The Broader Campaign: Chasing Throughput on Blackwell

To understand the significance of this message, one must appreciate the context of the larger effort. The assistant had been systematically optimizing DeepSeek-V4-Flash on 8× RTX PRO 6000 Blackwell GPUs (sm_120 architecture) across multiple segments spanning days of work. The target was ambitious: ~1000 tok/s throughput. The reality was sobering: the baseline deployment achieved only ~23 tok/s at concurrency 16, bottlenecked by sm_120 fallback kernels for sparse MLA attention and MXFP4 MoE execution that ran on CUDA cores instead of tensor cores.

The optimization campaign had already exhausted many levers. FP8 block-GEMM autotuning consumed 27 minutes of GPU time but delivered only a ~6% improvement at single-request throughput—because the FP8 matmul accounted for just 6% of decode time. NCCL protocol tuning (LL/Ring) had negligible effect since communication was only 2% of the profile. The real bottleneck, confirmed by GPU profiling, was the _tiled_sparse_decode_kernel consuming 63% of decode time, a Triton fallback that launched only 64 blocks on ~170 SMs.

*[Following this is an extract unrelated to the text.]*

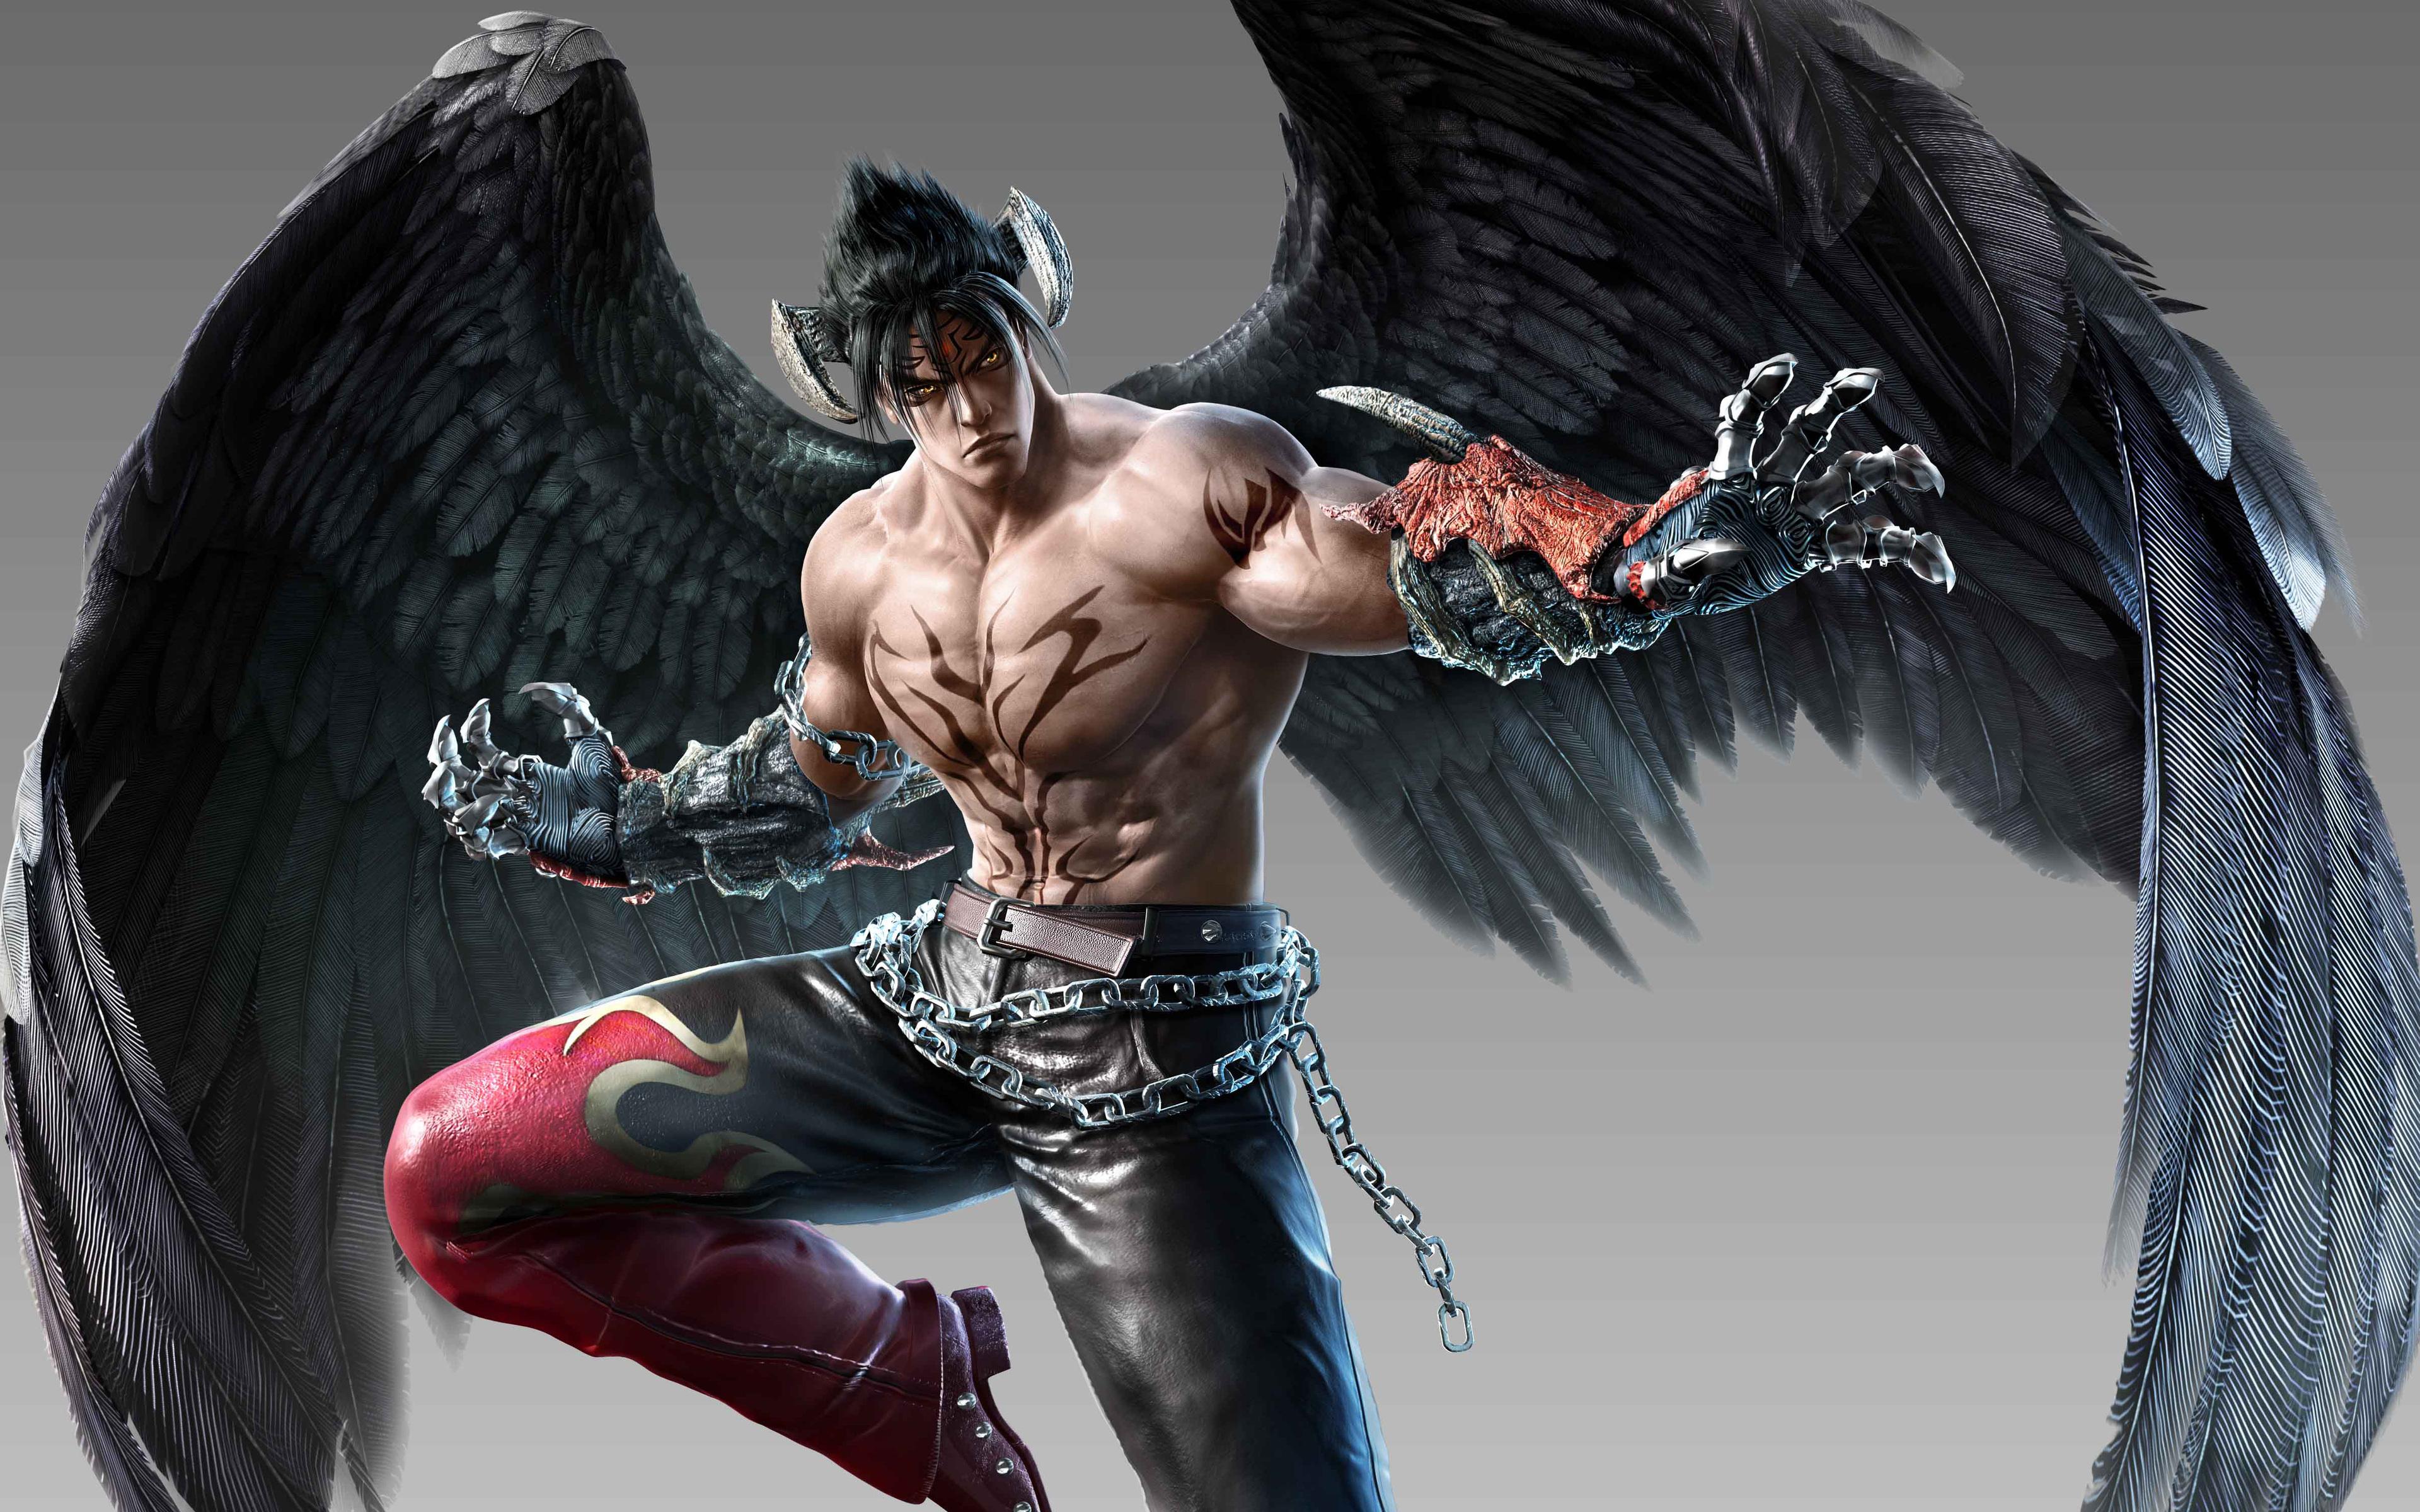 3840x2400 Jin Kazama Tekken 7 5k 4k Hd 4k Wallpapers Images

Enter MTP (Multi-Token Prediction) speculative decoding, also called EAGLE in the SGLang framework. The idea is elegant: use a lightweight NextN draft head (a single transformer layer) to predict multiple future tokens in a single forward pass, then verify them against the full model in parallel. If the draft tokens are accepted at a high rate, the effective throughput increases because fewer full-model forward passes are needed per output token. The assistant had prepared two configurations: Config A (base-optimized, no MTP) and Config B (identical base + MTP/EAGLE with conservative parameters: num-steps=1, eagle-topk=1, num-draft-tokens=2).

Config A had been measured successfully, yielding the sobering ~23 tok/s baseline. Now it was Config B's turn. The MTP server was launched, the NextN draft head loaded successfully in 8.82 seconds, and then—silence. The server crashed.

The Crash: Reading the OOM Error

The previous message ([msg 12476]) had revealed the critical error:

torch.OutOfMemoryError: CUDA out of memory. Tried to allocate 7.50 GiB. 
GPU 1 has a total capacity of 94.97 GiB of which 2.30 GiB is free.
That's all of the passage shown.